A recent randomized controlled trial conducted by METR, a non-profit research organization, has found that experienced open-source developers were 19% slower when using AI coding tools, despite perceiving a 20% increase in their speed. This surprising finding challenges widespread assumptions about the immediate productivity benefits of AI in software development.
The study involved 16 experienced open-source developers working on 246 real tasks within their own established repositories, averaging over 22,000 stars and 1 million lines of code. Tasks were randomly assigned to either allow or disallow AI assistance, typically utilizing Cursor Pro with Claude 3.5/3.7 models. Developers initially forecasted a 24% speedup from AI tools.
However, the empirical results contradicted these perceptions. Lead authors Joel Becker and Nate Rush expressed their surprise, noting that the slowdown stemmed from developers spending less time actively coding and searching, and more time prompting AI, waiting for or reviewing AI outputs, and being idle.
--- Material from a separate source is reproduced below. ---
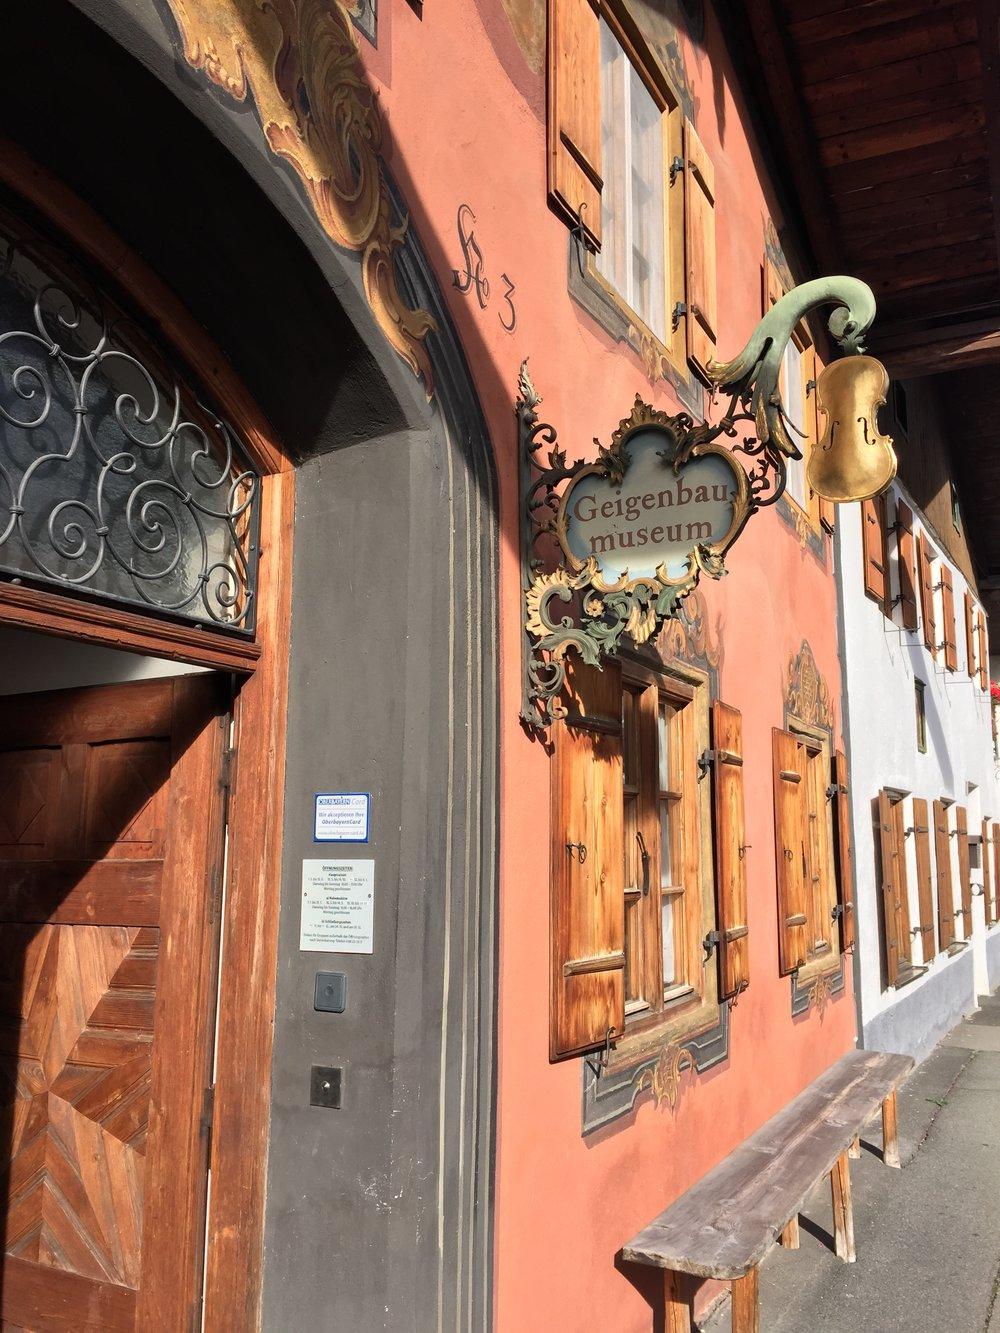 Et eget museum om feler. Geigenbau museum.

The AI suggestions, while often directionally correct, frequently required significant correction.
This outcome stands in contrast to other studies that have reported significant productivity gains from AI in coding, with some indicating speedups of up to 56% or a 26% increase in completed tasks. METR's research highlights that these gains may not universally apply, particularly for seasoned developers intimately familiar with large, complex open-source codebases.
METR, which focuses on empirically testing AI systems for capabilities and risks, emphasized the importance of "in the wild" experiments over self-contained benchmarks to understand real-world AI impact. Despite the measured slowdown, many participants and the study authors continue to use AI tools, suggesting that factors like reduced effort and a more pleasant development experience might outweigh direct productivity in some contexts.